> _TASK TO COMPLETE_
The material below should be copied line for line, please, with pictures omitted.

> _DATA EXTRACT_
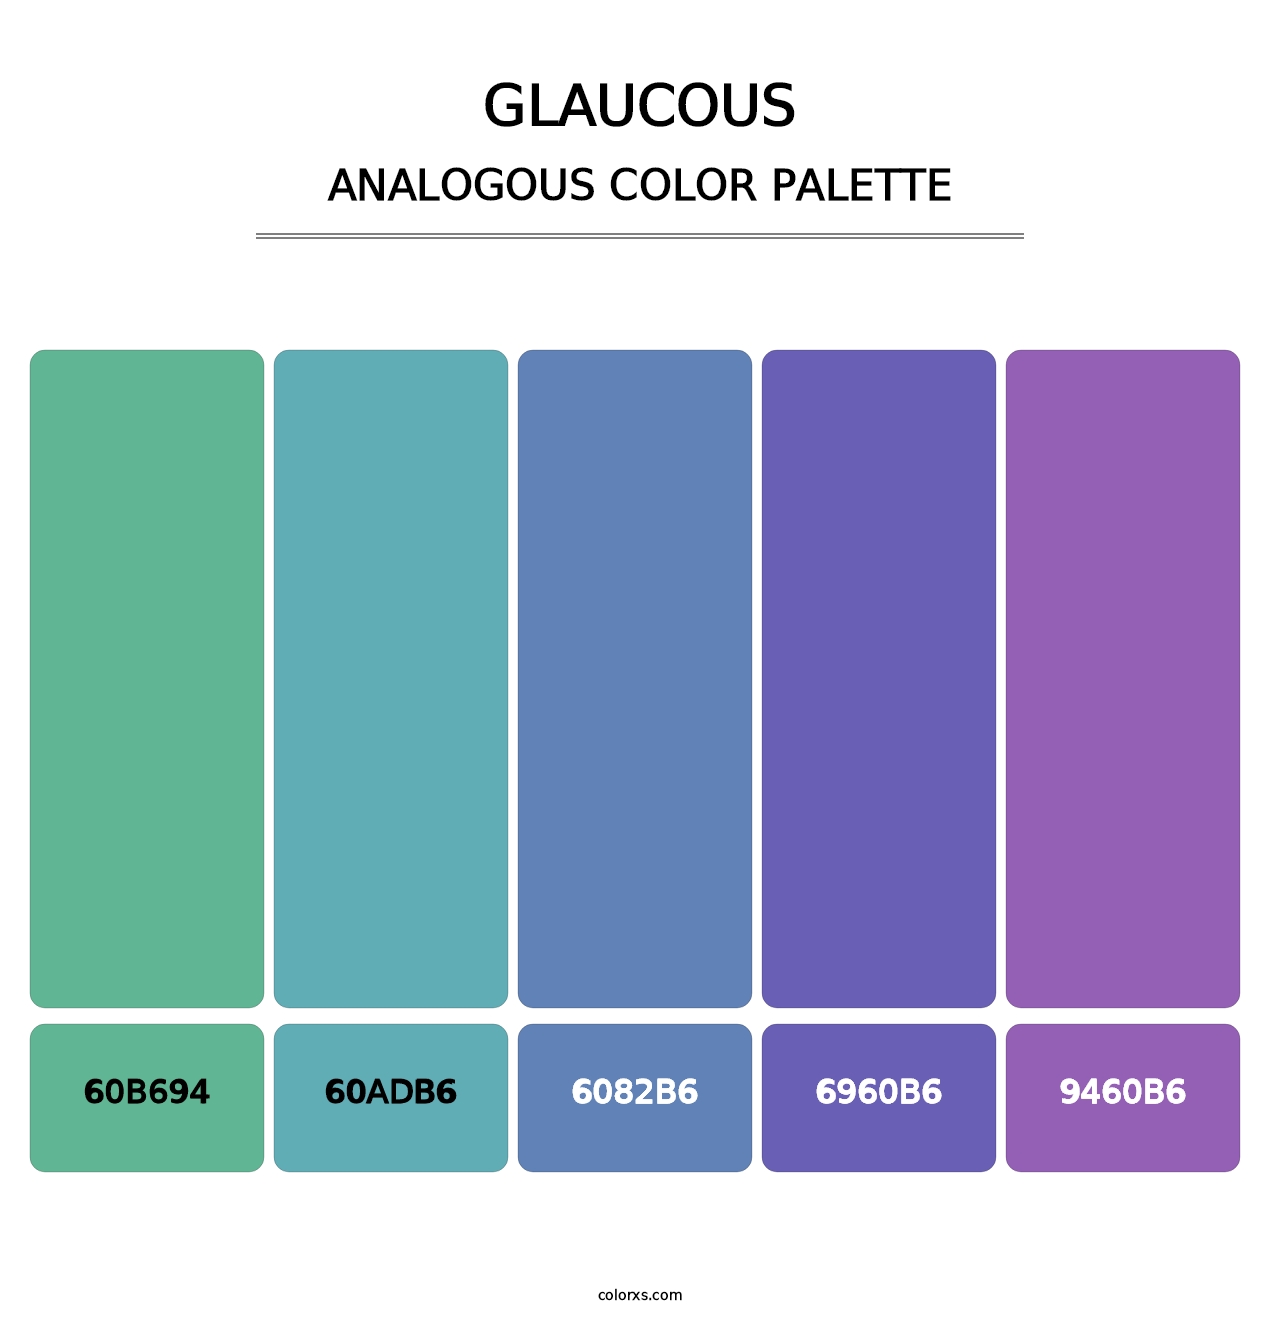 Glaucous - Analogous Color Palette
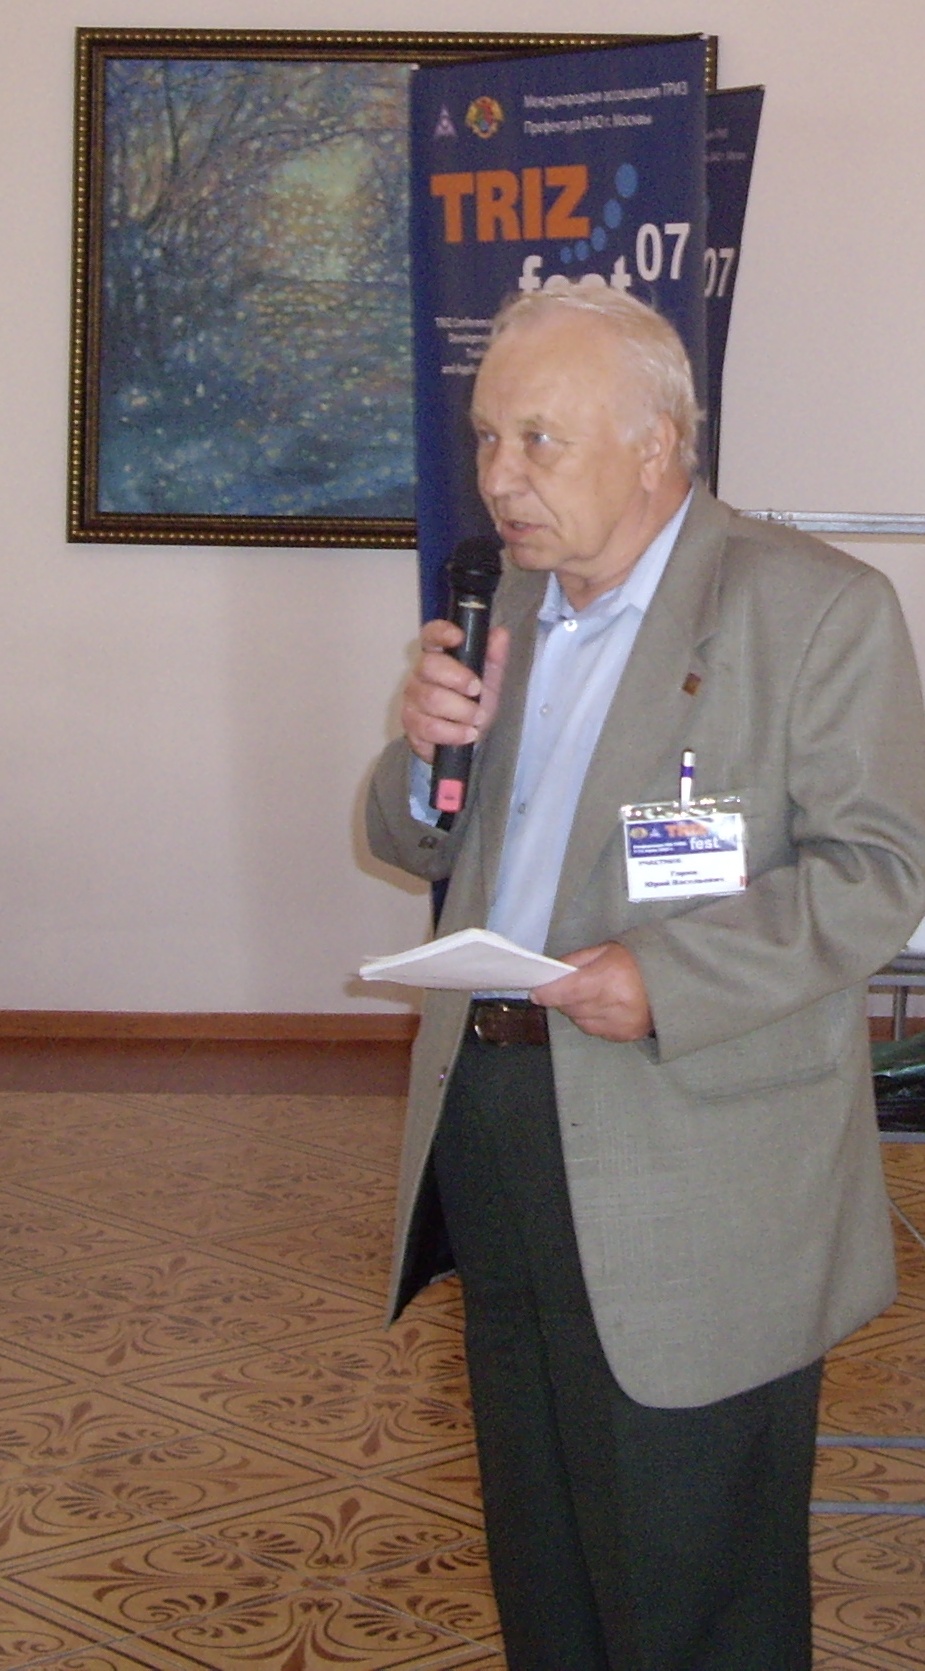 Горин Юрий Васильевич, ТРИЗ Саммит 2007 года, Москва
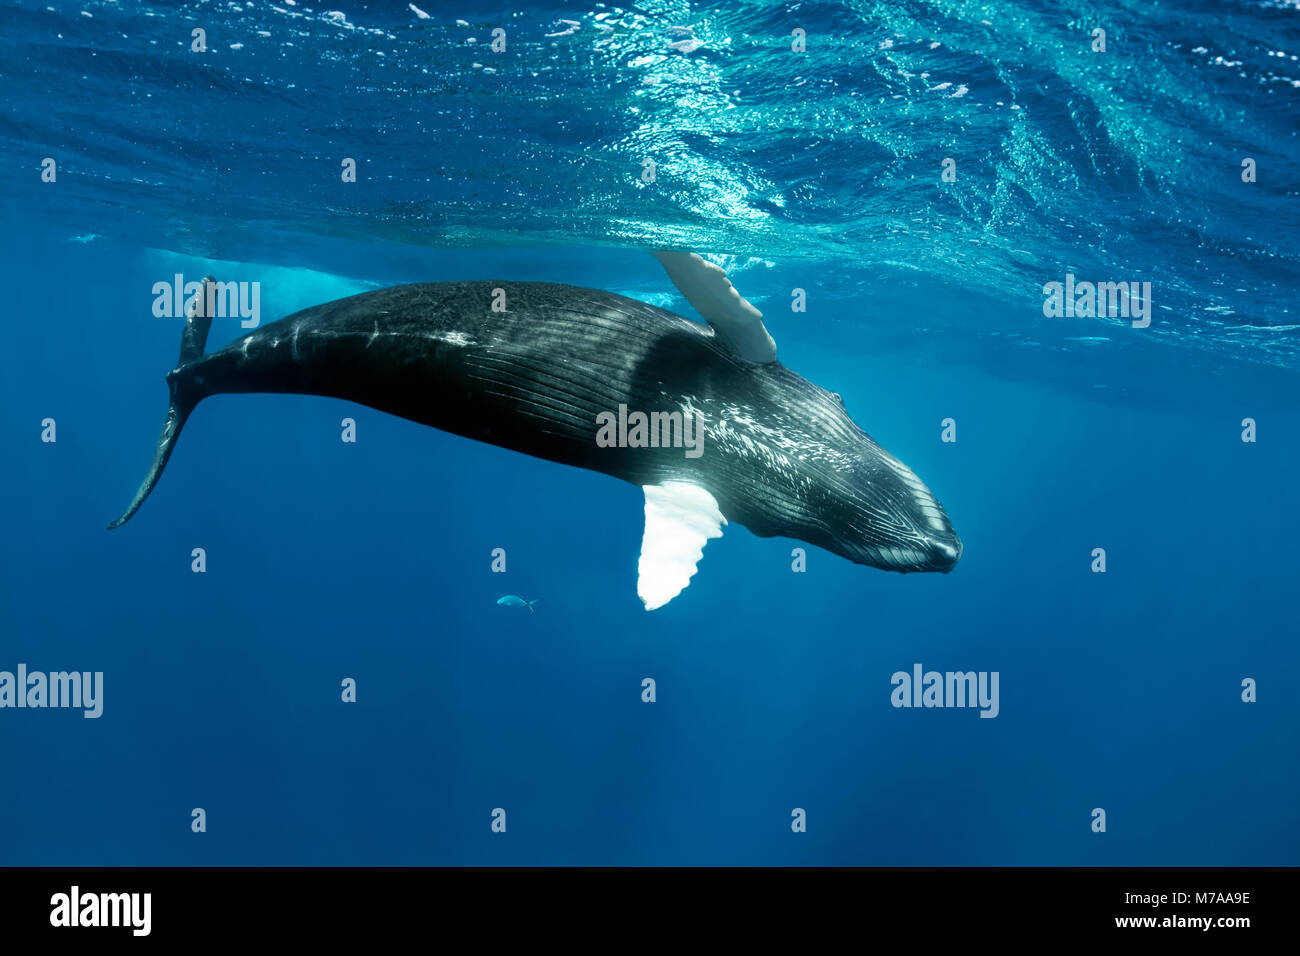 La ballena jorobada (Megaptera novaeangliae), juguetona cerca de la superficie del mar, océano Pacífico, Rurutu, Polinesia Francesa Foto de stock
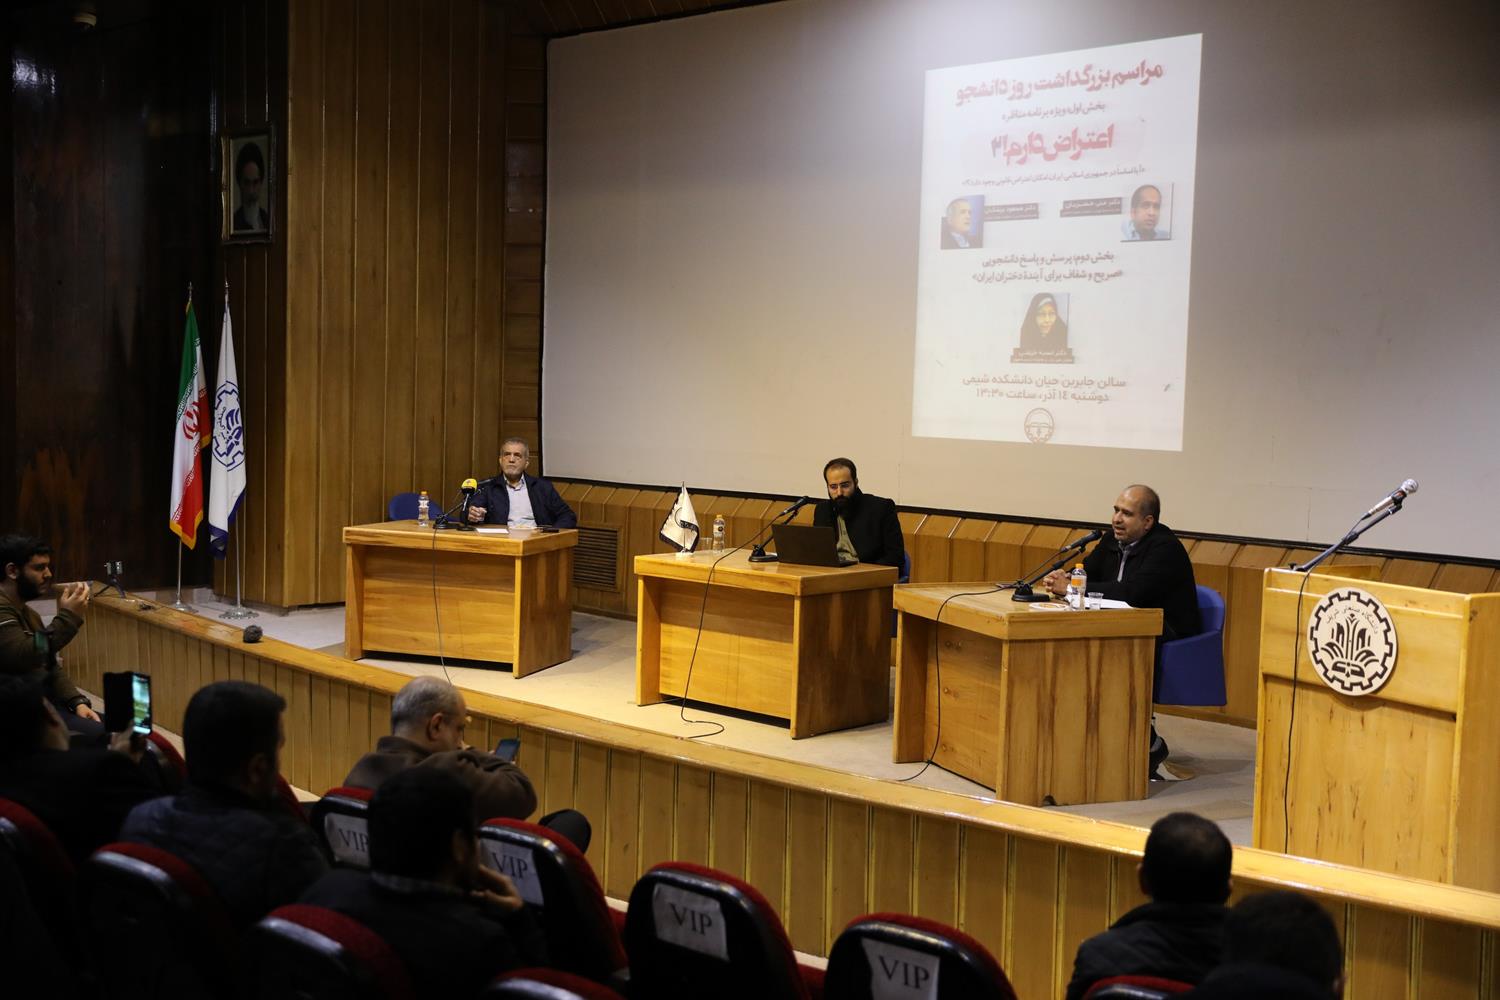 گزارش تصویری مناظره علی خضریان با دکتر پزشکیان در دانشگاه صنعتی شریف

> _RESULT OF THIS EXERCISE_
 Glaucous - Analogous Color Palette
 Горин Юрий Васильевич, ТРИЗ Саммит 2007 года, Москва
 La ballena jorobada (Megaptera novaeangliae), juguetona cerca de la superficie del mar, océano Pacífico, Rurutu, Polinesia Francesa Foto de stock
 گزارش تصویری مناظره علی خضریان با دکتر پزشکیان در دانشگاه صنعتی شریف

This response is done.